Chapter 1 Syllabus

1.1 Class Schedule

January Term 2020
Tue 12.30-2pm Think Thank 17 (2.202)
Thu 11.00-12.30pm Think Thank 17 (2.202)
Office Hours: By appointment

1.2 Course Description

This course focuses on quantitative and computational approaches to urban analytics and data science. It exposes students to new ways of collecting large datasets (“big data”) and innovative methods of analysing such datasets. It draws on both more conventional methods such as (spatial) statistics, as well as how to appropriately use methods from data science and machine learning within an urban context.

1.3 Format

The course is structured around two 1.5 hour classes per week that integrate lecture, discussion and in-class activities and exercises in an interactive manner. The class is further structured around 6 blocks (each lasting two weeks).

1.4 Expectations

Students are expected to be present and actively participate in each class, as well as on the class online forum (Slack). Before coming to class, you will have read the assigned readings and you are coming to class prepared to participate in discussion and exercises.

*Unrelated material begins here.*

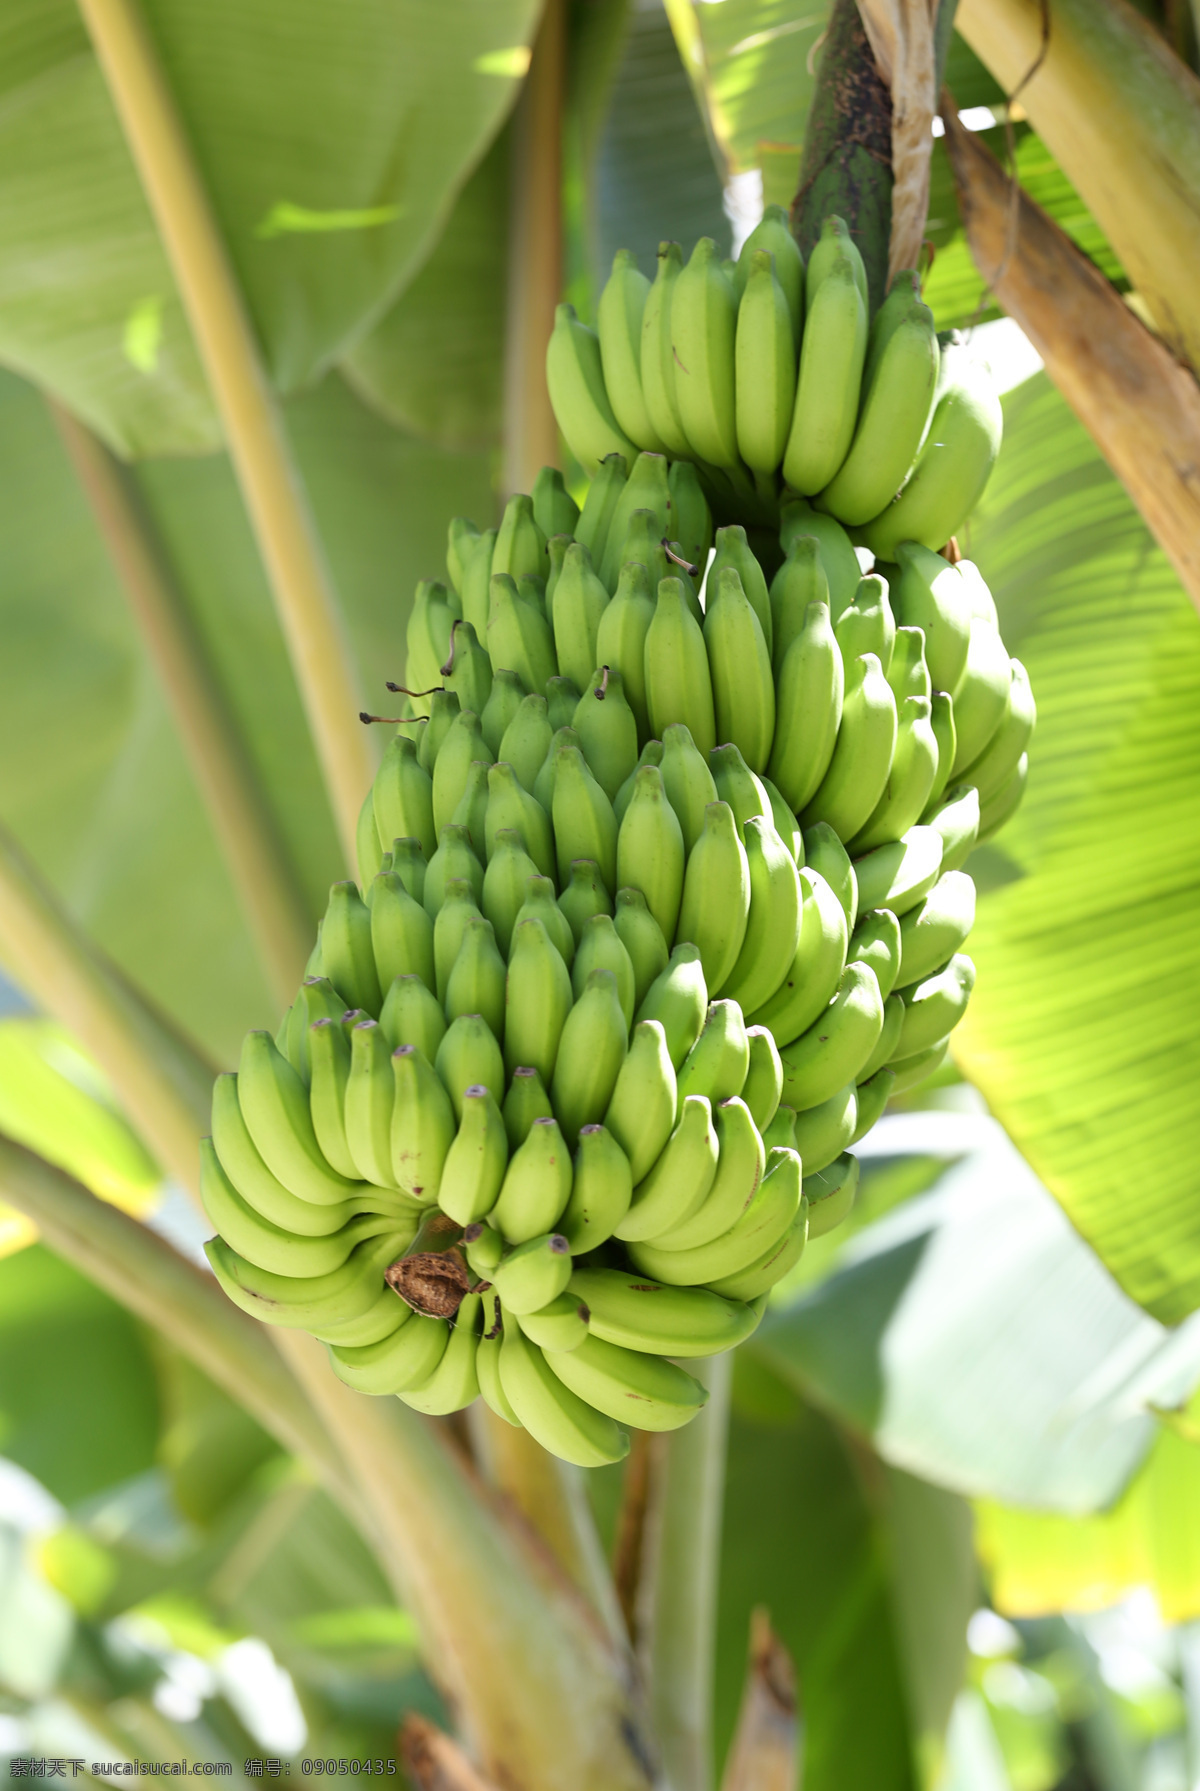 叶 树 香蕉 食物 自然 背景 香蕉树 绿香蕉 生香蕉 水果树 新鲜香蕉 热带水果 热带植物 广东芝麻蕉 田园风光 生物世界 水果

You are also expected to produce your own work, whether individually or in groups. Do not copy work from the internet or other published sources without proper citations. This is plagiarism and if a student is found to be doing so, he or she will be subject to disciplinary measures including potentially failing the course.

1.5 Assessment

There will be a variety of assessments throughout the semester. Emphasis is on your performance overall, with relatively low weight placed on individual items. Continued participation throughout the semester will enable you to do well in this course.

Assessment Items Percentage Period
Class Participation 15% Throughout term
Assignments (five) 45% Throughout term
Final Project 40% Week 14

1.5.1 Assignments

Each block consists of a series of exercises that culminate in an assigment/report that will be due before the start of the next block (Monday 23.59).

1.5.2 Final Project

For the final project, you will develop a computational analysis of a topic and dataset of your own choice. This is an opportunity to explore (an aspect of) your final term project in more detail – or take a deep-dive in a topic or dataset that you’re interested in. You can choose to use already existing datasets, or collect your own but you must use one or more computational methods to help answer your reseach question. In Week 6, you will hand in a research proposal of a maximum of 1000 words. It should discuss your motivation for the project; its objectives and research question; data requirements (does the data already exist? where do you get it from? does it need a lot of post-processing); and the methods you plan on utilizing. The remainder of the term is spent on collecting and analyzing data. A prototype of your analysis is due at the end of Week 13 and the final version at the end of Week 14. You are required to hand in both the code, a written paper and (where appropriate) visualizations as part of your Github repository. You can do this in a single form factor through one or more RMarkdown documents.

1.6 Deadlines

Deadlines are as noted in the course syllabus or on the specific assignment. If something is due on a specific date, you have until midnight on that day to submit the assignment.

1.7 Software

We will use R, RStudio and a series of packages (most of them compatible with the Tidyverse). All software used in the course is open-source and freely available.

1.8 Detailed Outline

1.8.1 A math refresher

  1. Reading:
  • Reading mathematics, PDF
  • Handbook for spoken mathematics, PDF

1.8.2 Block 1: Analysis of HDB Resale Prices I

  1. Reproducible Science & Project Management (+ re-view of tidyverse basics)
  1. Exploratory Data Analysis (Univariate Statistics & Visualization)

1.8.3 Block 2: Analysis of HDB Resale Prices II

  1. Sampling, Bootstrapping & Confidence Intervals
  1. Correlation & Linear Regression

1.8.4 Block 3: Geodemographics of SG Neighborhoods I

  1. Dimension Reduction I: Multidimensional Scaling (MDS)


  1. Dimension Reduction II: Principal Component Analysis (PCA)

1.8.5 Block 4: Geodemographic of SG Neighborhoods II

  1. Clustering (non-spatial)
  1. Clustering (spatial, including refresher on spatial data structures)

1.8.6 Block 5: Spatial Statistics

  1. Spatial Statistics I (Spatial Autocorrelation)
  1. Spatial Statistics II (Spatial Regression Modeling)

1.8.7 Block 6: Towards Machine Learning

  1. Towards Machine Learning (logistic regression & Random forests)

1.8.8 Week 14: Final Project Studio